ASTROLOGY ANYONE?



 

My own parents were ambivalent about astrological veracity but even a Yale education could not quite take childhood faiths away from my father. We all had horoscopes done by (he claimed) India’s finest predictor 


By Goolbai Gunasekara


“The fault, dear Brutus, is not in our stars but in ourselves” said Caesar – or rather said Shakespeare in the Tragedy “Julius Caesar”. Those of my generation (several decades ago) quoted him when trying to explain why the most recent prediction of the family soothsayer had gone totally wonky. ‘Julius Caesar’ had been the O/Level Literature text for many years so at least two generations of Sri Lankans, including my Dearly  Beloved, could quote from the play at family gatherings giving my admiring parents and others the completely erroneous impression of being well versed in the Classics.

Yet Shakespeare did not really influence some parents who consulted astrologers on a weekly basis. Doing so was problematic. There were no mobiles when my friends and I were at school to give astrological believers the instant hotline to the all –knowing-one, and the astrologer himself probably had nothing so modern in his house as even a land phone. Ergo, one made the visit, personally, to distant areas that often took up to 2 hours in the family car. Very few of these star gazers lived in convenient urban settings.

My own parents were ambivalent about astrological veracity but even a Yale education could not quite take childhood faiths away from my father. We all had horoscopes done by (he claimed) India’s finest predictor. When my rambunctious sister was being particularly rambunctious he would say angrily, “Even your horoscope says you would be a thoroughly annoying child.”Su tossed her pretty head and carried on as usual.

He would turn to me and say a trifle accusingly, “YOUR horoscope says you will marry twice”. I was enchanted. Obviously a life of excitement and thrills lay before me in the romance department. Alas, not so. I celebrated my 67th wedding anniversary shortly before my husband passed away and I wish my sire  was alive so that I could tell him we cheated a supposed expert from India no less.

My Ambassador father- in- law was a distinguished figure and a mightily popular one on the Diplomatic circles of the UK, France and Australia, not only for his Bridge playing expertise but also for the completely false image he cheerfully projected of being a great palm reader. It came about accidentally. Coming from Sri Lanka he knew the astrological blurb.

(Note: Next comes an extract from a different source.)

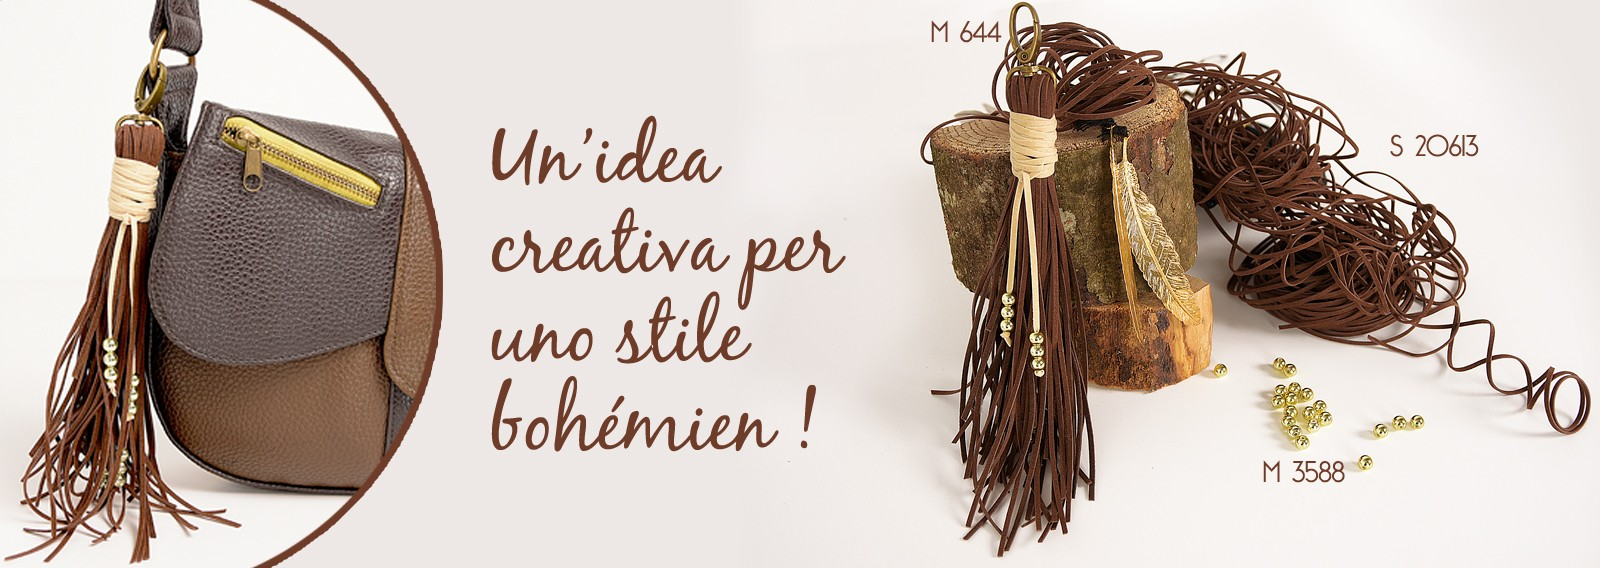 Un'idea creativa per uno stile bohémien !

Holding the hand of the beautiful Finnish ambassador’s wife he pretended he was versed in astrology. The following conversation took place one evening overheard by my mother -in- law who wore a bland expression and wondered why it was so easy to weave an aura of the mystic East round gullible Westerners.

“Said my Father- in- law “You have had many, many men who wanted to marry you.”

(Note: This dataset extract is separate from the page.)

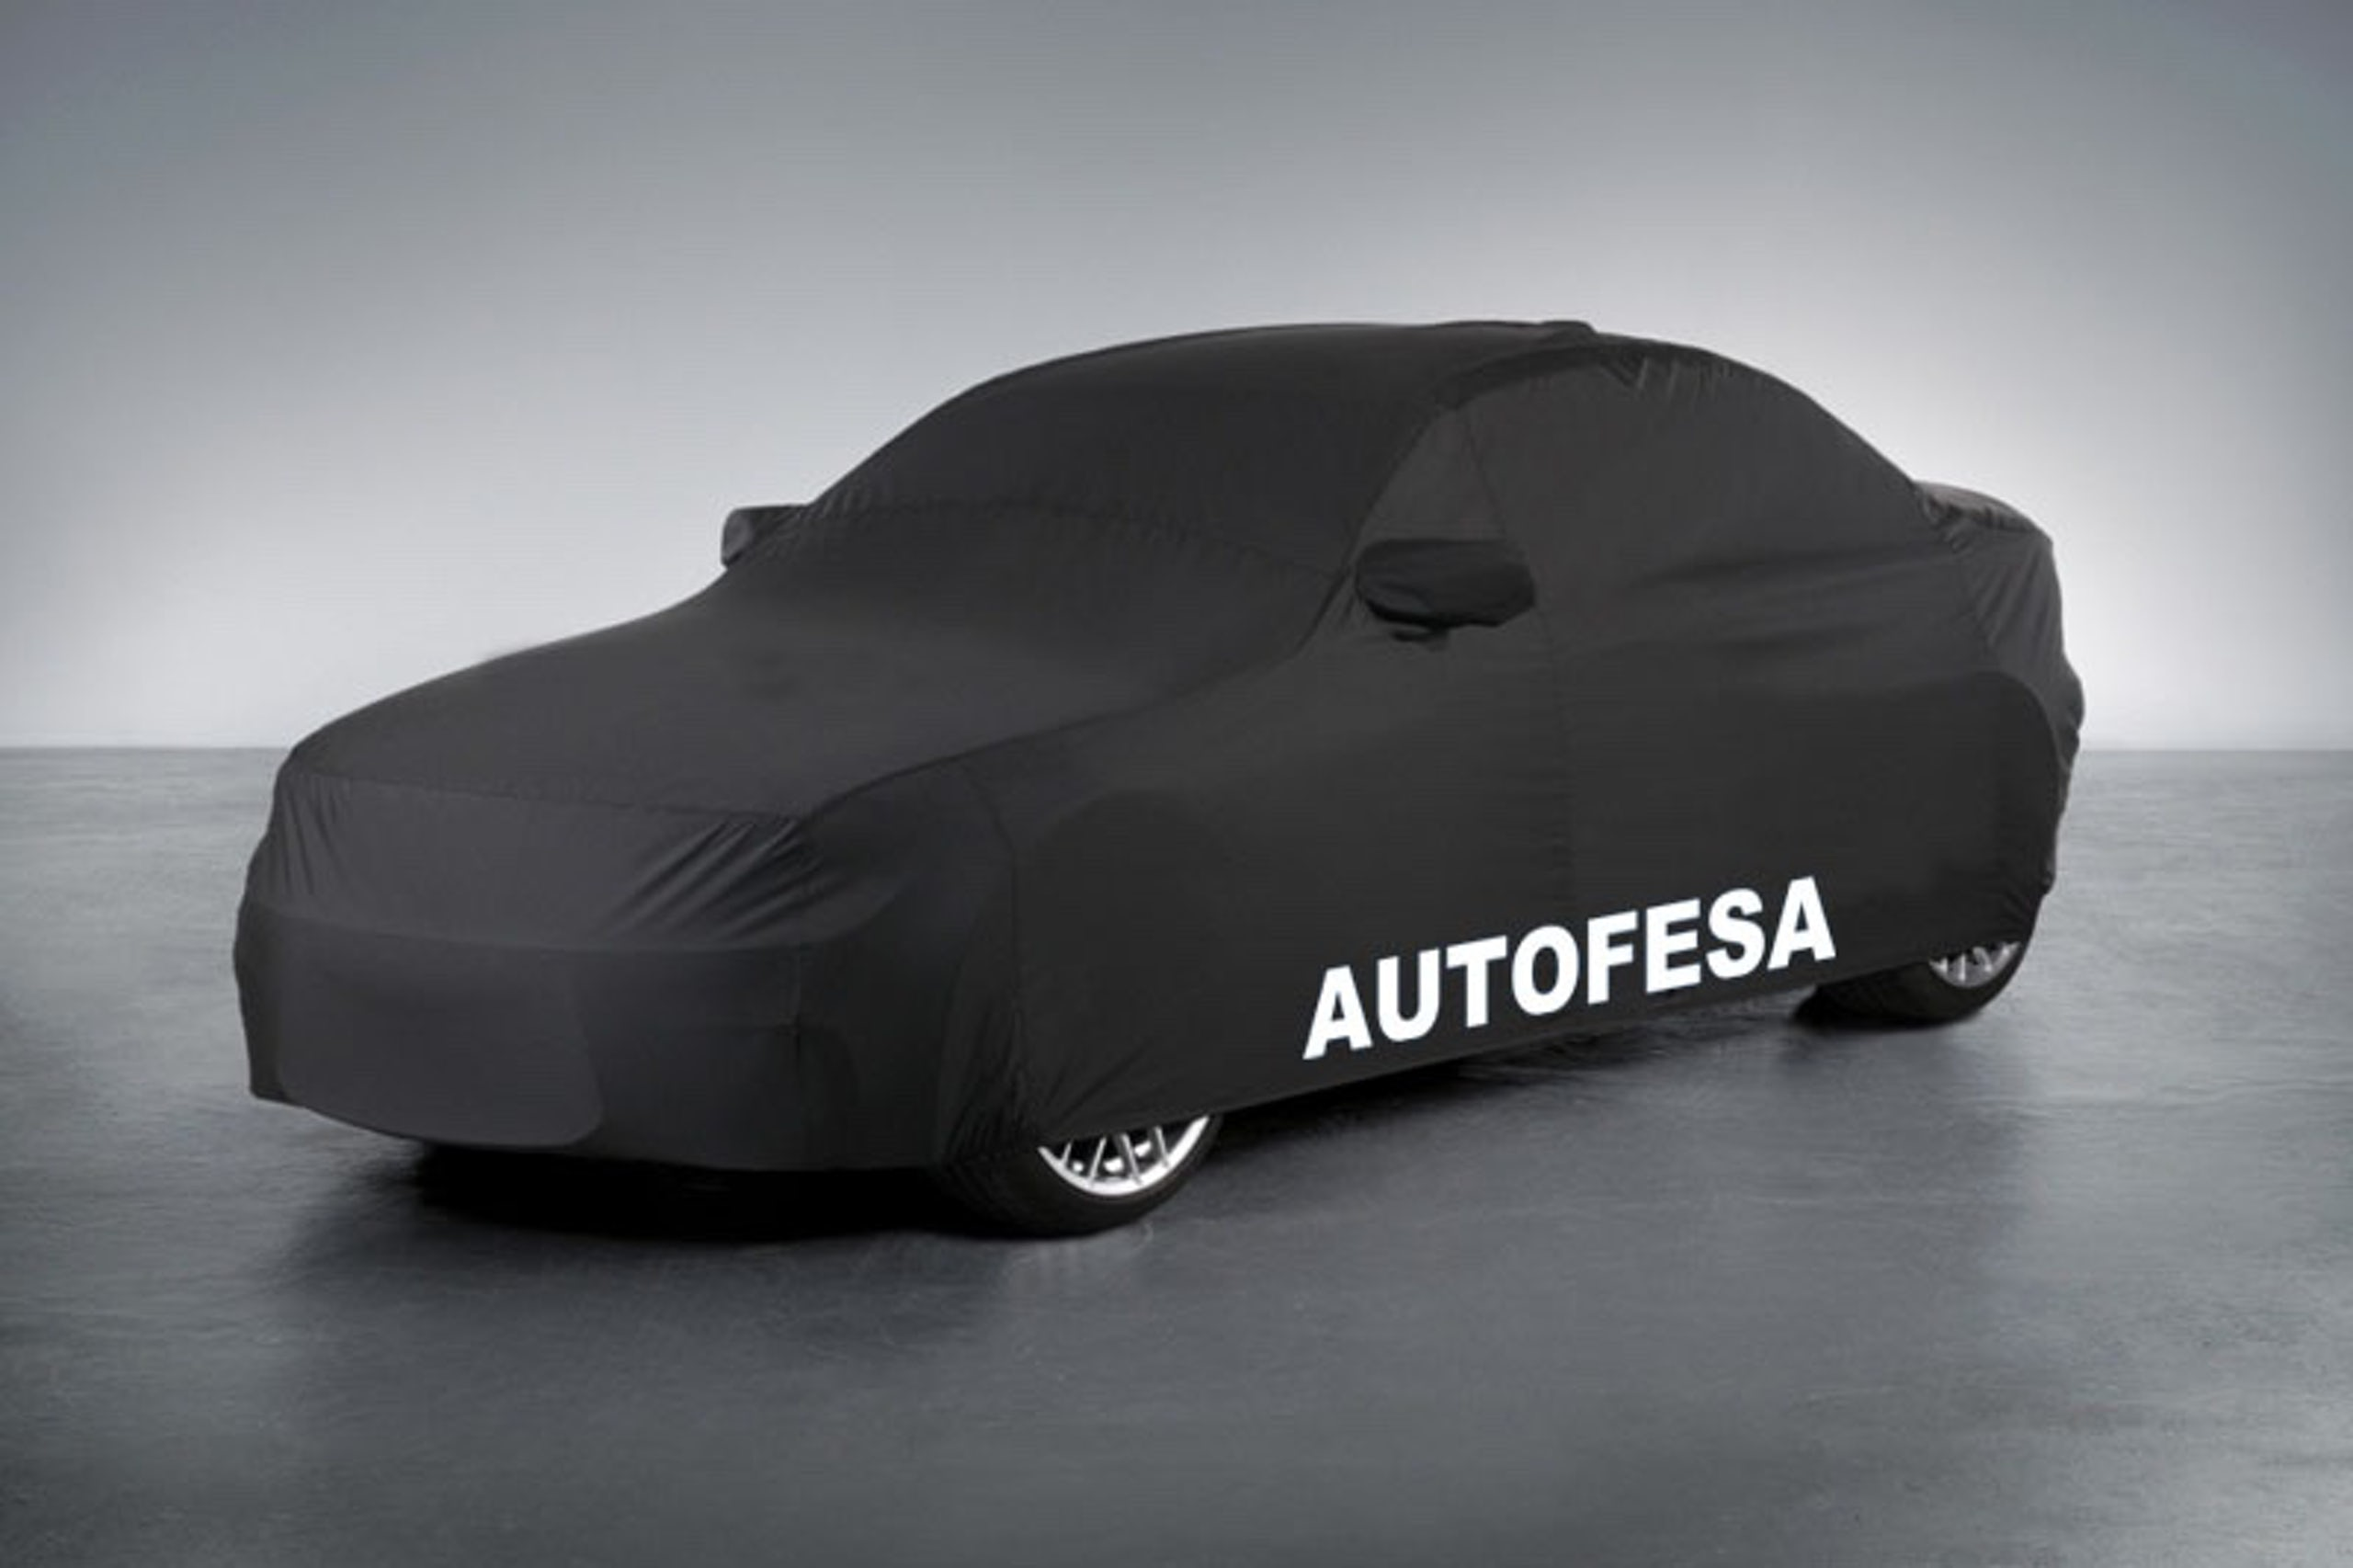 Ford Mondeo 2.0 TDCi 150cv Trend 5p Powershift Auto S/S - Foto 20

“”Hm, hm. A few perhaps,” came the coy reply from the beautiful blonde Finlander.

“You love Art and Music. You could have made a career of it.”

“Oh Excellency, you are so brilliant. I wanted to be a concert pianist. How did you know?”

“Your palm tells all. In fact (thoughtful pause with wrinkled brow) you have had a great problem recently but you solved it so well that everyone is happy.”

The fact that she was a good pianist had been mentioned to him by her husband but the lady did not know that.

She was speechless with delight. “Your husband should charge for the fact he is so psychic” she said to my mother-in-law making sure there was queue at HER next dinner party to be guided by the great Psychic who was more than willing to oblige.

His amused family tackled him later. “So what? “ he would say, “Ask anyone the same questions and make the same predicitions. Vary the language . They suit all and sundry. Clever psychology is all

that is needed. The Finnish lady IS a stunner. She MUST have had lots of smitten young men after he.”

“To say nothing of the ones nowadays,” said my mother-in-law sardonically.

 Does failure of a prediction deter the consulting public of Sri Lanka? Not at all.

Astrologers still flourish. 

Parents of Asian International School are not above telling me ( their disbelieving Head) why their pride and joy has gained such abysmal grades at the latest Promotion Tests.

“Aiyo, my son’s time is so bad I knew he would fail to get pass marks,” says his tearful mother trying to get him passed to the higher class along with his friends.

“Our astrologer told us his LIFE was in danger.”

“From studying?”

“Of course not. From swimming, from traffic and all that sort of thing.”

She believes this too.

“A little study would have helped. Did he study at all?”

“Of course. Day and night.”

My snort of disbelief passes over her head.

Governments have fallen thanks to false predictions but does that teach anyone a lesson? It does not. We all have a touching faith in the superiority of the family astrologer who by sheer luck has been (perhaps) 50% right through the years. And now, here the world lies at the gate of WW lll. The astrologers have been conspicuously silent. What does the future hold for our planet? Perhaps the stars prefer to twinkle unrevealingly in these desperate climes. The messages given in the past are now undecipherable by mere astrological mortals.

Well our emotions and feelings all need bolstering at times and maybe astrologers gave us a harmless prop in facing an overwhelming world. They hurt no one. To return to Shakespeare, the fault lies in our gullibility. Who would dare predict tomorrow!